Наталья, догадываясь и боясь ошибиться, с волнением ждала ответа.

— Сам молодой князь Енгалычев! — выпалила Люба. — Вот они на подносе свою визитную карточку положили. И сказали: «Как, дескать, досадно, что не застал хозяев! А молодой барышне скажи мой особый поклон».

Наталья потупила взор и залилась краской.

Елизавета ядовито хмыкнула. Генрих Леопольдович задумчиво покачал головой. Дарья Семеновна, вполне довольная, вытянула узкие веревочки губ:

— Ах, какой князь милый! Цветы прямо-таки чудесные.

Генрих Леопольдович согласно кивнул:

— Такие стоят не меньше пяти рублей.

— Поди, из собственной оранжереи! — высказала предположение Дарья Семеновна.

Андрей, отряхивая приставшую к панталонам сухую былинку, хихикнул:

— Это тот Енгалычев, что с тобой, Наташка, на рождественском балу танцевал? Помню, помню, как возле тебя крутился, а ты ему глазки строила, — и он скользнул по сестре плутоватым взглядом.

Елизавета, презрительно фыркнув, взяла в руки визитную карточку, кривляясь, прочитала: «Флигель-адъютант лейб-гвардейского Преображенского полка…»

Генрих Леопольдович с почтением произнес:

— Большая должность, полковничья… — И помолчав, не высказывая заветных мыслей, глубоко вздохнул: — Эх, коли повезло бы!

— Да уж, этот визит неспроста! — Согласно закивала головой Дарья Семеновна. — Ведь князь — миллионщик, да и у Государя на виду…

Наталья, все время молча слушавшая эти разговоры, заспешила к себе в комнату. Отец за руку остановил ее, прошептал:

— У тебя ничего с князем не было? — он пытливо буравил ее глазами.

Наталья вырвала руку, дернула плечиком:

— О чем это вы, папа?

— Да я так просто. Если и было — лишь бы на пользу пошло… — Он строго посмотрел на Любу; — Хватит лясы точить! Стол накрыт?

— Один секунд! — Люба побежала помогать кухарке.

Андрей двинулся в буфетную — до обеда выпить рюмку водки.

Наталья, желая скрыть смущение, заторопилась к себе наверх. И для этого у нее была веская причина, о которой она никому не говорила: с князем ее уже связывала общая тайна.

РОЗОВЫЕ СНЫ

Наталья была страстно влюблена в князя. Чувство это вспыхнуло в чистой девичьей душе во время Рождества. Богатая дальняя родственница графиня Воронцова устроила бал. После застолья вся молодежь перешла в зал. Грянул оркестр. Мазурки, экосезы, вальсы, польки — все закружилось радостным вихрем.

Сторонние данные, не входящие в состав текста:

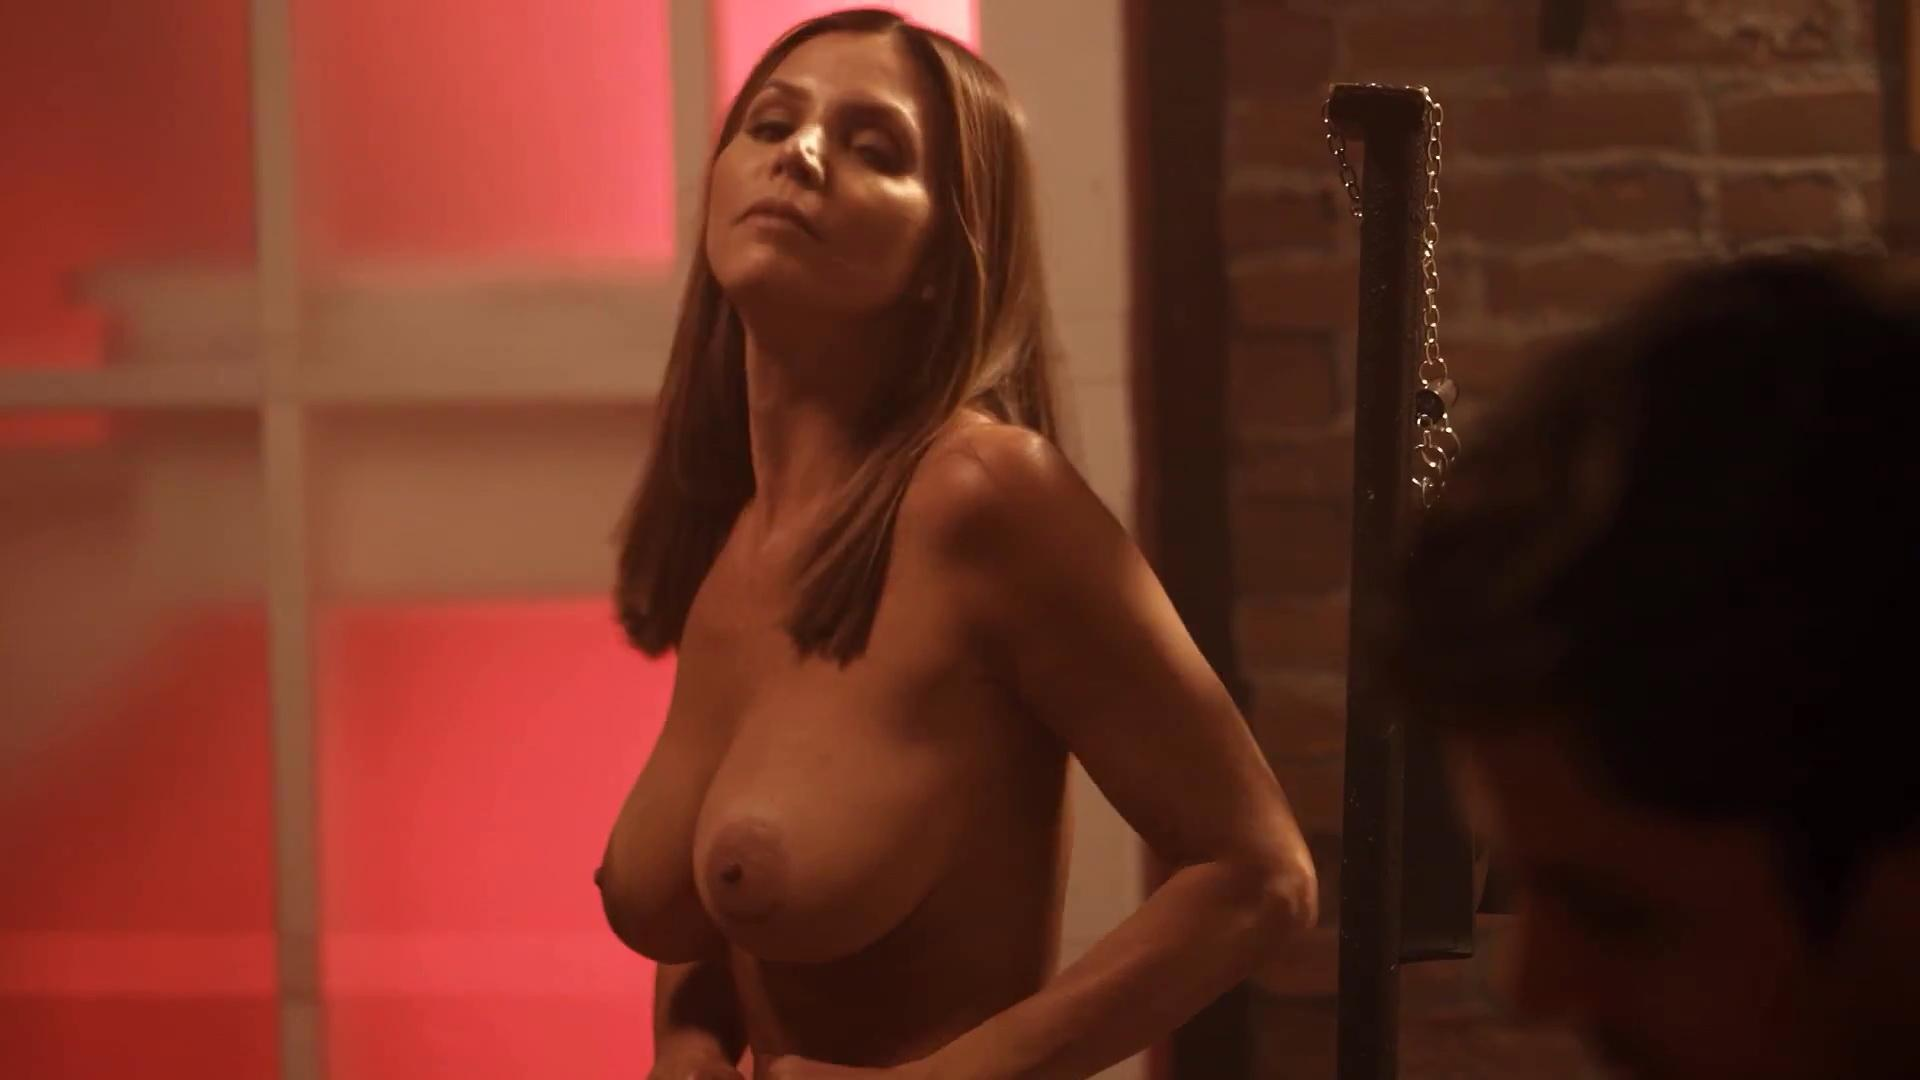 charisma carpenter nude movie

Лакеи скользили среди танцующих, разнося на серебряных подносах шампанское. Мягко потрескивали ярко горевшие свечи, отражаясь в паркете, натертом до зеркального блеска. Общее внимание привлекал гвардейский полковник. Осанистый и одновременно чрезвычайно ловкий в танцах, он подкупал дам своим обращением с ними — почтительным, но в то же время смелым. Черные блестящие глаза, вьющиеся густыми кольцами темно-русые волосы, пышные, загибающиеся вверх усы придавали его красоте замечательный характер.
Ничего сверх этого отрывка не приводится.